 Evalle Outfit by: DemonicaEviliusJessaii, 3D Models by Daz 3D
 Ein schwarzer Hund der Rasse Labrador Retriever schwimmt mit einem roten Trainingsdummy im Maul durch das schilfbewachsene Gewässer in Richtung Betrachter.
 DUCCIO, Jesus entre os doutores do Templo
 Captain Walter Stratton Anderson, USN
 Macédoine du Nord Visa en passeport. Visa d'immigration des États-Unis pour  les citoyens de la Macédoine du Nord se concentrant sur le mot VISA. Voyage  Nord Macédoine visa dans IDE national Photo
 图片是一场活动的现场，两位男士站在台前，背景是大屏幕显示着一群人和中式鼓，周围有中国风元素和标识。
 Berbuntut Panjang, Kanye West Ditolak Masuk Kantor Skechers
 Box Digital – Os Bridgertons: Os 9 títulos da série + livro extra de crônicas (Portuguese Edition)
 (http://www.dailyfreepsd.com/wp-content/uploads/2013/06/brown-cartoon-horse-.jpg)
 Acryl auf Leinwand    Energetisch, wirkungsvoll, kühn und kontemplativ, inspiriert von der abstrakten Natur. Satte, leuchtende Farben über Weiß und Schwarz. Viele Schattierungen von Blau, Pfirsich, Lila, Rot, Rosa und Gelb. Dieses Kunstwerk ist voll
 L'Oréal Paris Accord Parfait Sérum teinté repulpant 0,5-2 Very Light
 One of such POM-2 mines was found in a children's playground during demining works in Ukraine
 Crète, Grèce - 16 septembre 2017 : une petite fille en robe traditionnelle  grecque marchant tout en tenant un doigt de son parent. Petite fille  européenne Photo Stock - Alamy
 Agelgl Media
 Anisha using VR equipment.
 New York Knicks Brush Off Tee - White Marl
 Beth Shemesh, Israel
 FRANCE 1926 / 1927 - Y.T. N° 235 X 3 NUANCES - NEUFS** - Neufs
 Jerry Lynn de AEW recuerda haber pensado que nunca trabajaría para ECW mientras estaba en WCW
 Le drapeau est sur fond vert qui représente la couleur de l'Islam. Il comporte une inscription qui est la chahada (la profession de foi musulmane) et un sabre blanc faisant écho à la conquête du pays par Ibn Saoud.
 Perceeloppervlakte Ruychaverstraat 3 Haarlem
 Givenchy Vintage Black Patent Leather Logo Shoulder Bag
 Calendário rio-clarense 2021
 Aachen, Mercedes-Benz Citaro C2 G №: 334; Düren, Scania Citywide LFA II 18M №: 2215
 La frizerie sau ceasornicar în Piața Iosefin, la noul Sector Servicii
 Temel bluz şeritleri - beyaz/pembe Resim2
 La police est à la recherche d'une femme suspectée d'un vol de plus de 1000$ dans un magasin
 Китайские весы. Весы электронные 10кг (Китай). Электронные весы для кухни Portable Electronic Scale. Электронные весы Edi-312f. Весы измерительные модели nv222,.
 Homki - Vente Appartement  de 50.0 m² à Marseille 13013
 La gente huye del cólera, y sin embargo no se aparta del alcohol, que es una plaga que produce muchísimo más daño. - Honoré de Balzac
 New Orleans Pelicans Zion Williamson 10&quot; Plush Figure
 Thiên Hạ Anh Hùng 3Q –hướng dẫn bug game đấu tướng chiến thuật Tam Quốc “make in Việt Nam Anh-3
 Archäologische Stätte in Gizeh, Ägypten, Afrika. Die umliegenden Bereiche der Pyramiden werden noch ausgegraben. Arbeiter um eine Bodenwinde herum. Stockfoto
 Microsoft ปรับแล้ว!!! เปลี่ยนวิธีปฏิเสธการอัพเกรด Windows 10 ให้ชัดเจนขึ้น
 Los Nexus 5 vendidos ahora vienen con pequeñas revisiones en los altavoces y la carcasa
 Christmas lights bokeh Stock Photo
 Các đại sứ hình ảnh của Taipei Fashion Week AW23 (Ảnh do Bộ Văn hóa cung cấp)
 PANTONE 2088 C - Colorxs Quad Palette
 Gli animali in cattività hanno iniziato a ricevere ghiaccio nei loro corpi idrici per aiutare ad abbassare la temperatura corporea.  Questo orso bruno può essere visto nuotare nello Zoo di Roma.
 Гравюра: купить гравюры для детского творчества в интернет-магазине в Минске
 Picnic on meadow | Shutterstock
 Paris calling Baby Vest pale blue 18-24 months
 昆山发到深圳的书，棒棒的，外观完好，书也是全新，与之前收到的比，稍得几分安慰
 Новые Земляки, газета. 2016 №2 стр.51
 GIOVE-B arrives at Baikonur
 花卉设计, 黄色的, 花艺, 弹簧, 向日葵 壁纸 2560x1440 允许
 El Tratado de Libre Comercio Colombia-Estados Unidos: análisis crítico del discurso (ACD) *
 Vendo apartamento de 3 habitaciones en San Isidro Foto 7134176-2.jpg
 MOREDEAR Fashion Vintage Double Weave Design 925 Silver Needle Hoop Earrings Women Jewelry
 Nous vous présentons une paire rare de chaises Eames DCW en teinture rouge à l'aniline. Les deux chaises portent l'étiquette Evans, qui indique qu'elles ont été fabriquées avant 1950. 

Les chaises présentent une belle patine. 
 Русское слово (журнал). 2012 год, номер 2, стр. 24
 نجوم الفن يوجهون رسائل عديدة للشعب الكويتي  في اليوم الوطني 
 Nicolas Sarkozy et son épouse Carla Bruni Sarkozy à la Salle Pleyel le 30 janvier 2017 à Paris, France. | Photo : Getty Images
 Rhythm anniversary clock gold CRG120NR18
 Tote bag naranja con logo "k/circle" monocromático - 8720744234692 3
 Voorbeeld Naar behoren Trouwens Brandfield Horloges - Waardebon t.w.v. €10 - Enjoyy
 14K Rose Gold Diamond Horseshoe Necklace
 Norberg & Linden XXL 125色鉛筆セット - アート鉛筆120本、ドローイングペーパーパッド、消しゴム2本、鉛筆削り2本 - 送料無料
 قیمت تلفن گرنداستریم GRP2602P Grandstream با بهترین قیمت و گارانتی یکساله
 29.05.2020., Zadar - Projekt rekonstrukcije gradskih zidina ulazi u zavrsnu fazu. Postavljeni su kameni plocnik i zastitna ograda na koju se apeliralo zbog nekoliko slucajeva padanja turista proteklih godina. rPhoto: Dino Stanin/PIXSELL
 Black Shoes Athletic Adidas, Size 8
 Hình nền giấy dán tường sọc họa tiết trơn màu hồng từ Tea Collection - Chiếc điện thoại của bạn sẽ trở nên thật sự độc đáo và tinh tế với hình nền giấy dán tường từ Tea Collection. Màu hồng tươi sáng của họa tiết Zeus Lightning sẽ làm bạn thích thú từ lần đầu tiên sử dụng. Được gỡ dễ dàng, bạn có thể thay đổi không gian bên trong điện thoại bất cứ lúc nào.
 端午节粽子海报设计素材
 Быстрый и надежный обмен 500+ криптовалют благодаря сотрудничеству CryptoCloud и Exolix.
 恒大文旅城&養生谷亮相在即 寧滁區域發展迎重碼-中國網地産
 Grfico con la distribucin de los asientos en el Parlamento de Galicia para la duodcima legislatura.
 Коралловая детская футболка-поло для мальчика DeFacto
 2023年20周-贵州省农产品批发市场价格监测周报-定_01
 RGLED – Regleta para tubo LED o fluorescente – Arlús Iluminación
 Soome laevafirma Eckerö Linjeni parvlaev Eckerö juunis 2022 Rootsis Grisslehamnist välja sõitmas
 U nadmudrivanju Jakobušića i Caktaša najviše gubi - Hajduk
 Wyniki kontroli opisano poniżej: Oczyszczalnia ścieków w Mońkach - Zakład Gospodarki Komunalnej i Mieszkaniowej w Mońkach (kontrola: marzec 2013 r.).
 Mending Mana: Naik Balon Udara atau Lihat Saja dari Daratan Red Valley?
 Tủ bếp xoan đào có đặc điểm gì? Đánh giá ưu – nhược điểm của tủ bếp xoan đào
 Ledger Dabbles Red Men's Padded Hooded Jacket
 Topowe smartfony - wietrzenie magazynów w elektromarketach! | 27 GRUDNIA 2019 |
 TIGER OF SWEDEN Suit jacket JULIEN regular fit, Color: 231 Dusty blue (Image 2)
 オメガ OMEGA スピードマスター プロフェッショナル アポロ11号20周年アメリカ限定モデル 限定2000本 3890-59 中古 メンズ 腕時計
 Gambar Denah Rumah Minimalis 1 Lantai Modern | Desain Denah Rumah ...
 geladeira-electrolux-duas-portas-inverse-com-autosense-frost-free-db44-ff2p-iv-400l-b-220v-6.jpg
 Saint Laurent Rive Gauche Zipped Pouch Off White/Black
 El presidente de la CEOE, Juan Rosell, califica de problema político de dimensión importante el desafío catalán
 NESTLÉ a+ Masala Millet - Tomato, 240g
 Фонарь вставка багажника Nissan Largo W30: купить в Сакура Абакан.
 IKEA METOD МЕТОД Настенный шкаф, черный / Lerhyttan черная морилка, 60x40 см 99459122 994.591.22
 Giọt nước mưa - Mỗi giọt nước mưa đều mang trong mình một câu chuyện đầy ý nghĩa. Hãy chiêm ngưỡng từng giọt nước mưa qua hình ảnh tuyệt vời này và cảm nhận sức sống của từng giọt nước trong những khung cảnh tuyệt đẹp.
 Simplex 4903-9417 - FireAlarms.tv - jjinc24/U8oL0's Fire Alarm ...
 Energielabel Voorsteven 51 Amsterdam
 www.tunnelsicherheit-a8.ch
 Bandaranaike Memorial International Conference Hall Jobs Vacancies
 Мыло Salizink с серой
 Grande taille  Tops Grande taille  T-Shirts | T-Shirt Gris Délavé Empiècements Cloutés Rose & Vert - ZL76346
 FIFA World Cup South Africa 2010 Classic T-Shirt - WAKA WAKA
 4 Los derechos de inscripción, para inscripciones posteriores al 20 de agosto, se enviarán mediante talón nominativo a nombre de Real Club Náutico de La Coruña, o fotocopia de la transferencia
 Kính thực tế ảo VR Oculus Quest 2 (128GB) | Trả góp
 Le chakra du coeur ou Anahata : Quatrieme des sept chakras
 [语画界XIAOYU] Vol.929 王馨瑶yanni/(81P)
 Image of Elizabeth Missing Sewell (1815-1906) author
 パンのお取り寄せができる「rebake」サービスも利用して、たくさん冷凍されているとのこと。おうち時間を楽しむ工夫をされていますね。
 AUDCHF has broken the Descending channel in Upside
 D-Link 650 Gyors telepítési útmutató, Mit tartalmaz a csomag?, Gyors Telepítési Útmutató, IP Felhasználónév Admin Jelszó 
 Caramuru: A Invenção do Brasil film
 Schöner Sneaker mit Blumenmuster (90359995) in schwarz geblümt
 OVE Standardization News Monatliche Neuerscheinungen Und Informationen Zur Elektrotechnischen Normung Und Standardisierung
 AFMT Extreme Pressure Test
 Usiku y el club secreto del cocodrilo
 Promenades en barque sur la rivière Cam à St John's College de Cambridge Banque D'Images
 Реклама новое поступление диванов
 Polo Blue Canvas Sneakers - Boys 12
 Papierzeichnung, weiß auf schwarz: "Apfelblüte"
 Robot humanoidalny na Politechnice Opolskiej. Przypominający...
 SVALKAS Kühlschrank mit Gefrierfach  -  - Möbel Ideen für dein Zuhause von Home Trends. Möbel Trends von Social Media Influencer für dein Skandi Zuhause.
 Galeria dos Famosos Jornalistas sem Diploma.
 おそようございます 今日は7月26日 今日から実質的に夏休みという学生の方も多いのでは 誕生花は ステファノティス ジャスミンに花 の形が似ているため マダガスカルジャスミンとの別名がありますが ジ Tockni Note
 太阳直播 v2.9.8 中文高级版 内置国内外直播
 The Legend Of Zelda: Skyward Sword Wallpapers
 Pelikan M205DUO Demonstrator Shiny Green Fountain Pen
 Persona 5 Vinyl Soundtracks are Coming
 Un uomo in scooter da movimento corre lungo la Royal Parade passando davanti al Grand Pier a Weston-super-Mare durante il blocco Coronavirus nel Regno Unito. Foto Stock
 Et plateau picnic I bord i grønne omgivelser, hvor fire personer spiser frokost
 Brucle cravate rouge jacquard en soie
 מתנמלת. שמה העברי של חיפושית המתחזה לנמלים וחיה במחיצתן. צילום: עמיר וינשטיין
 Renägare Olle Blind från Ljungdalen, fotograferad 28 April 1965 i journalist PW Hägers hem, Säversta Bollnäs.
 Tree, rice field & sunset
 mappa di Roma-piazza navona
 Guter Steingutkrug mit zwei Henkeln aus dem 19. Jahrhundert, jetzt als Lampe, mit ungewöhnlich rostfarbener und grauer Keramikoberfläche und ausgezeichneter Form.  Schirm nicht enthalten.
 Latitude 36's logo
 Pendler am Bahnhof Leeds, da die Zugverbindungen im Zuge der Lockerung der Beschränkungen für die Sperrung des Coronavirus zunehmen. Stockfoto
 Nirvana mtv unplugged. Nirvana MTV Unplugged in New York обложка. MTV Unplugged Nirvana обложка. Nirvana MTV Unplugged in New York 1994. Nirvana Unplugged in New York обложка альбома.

####################

### Task objective
Search the material above for "Paris". Copy each line that has it.

### Result of this task
 L'Oréal Paris Accord Parfait Sérum teinté repulpant 0,5-2 Very Light
 Paris calling Baby Vest pale blue 18-24 months
 Nicolas Sarkozy et son épouse Carla Bruni Sarkozy à la Salle Pleyel le 30 janvier 2017 à Paris, France. | Photo : Getty Images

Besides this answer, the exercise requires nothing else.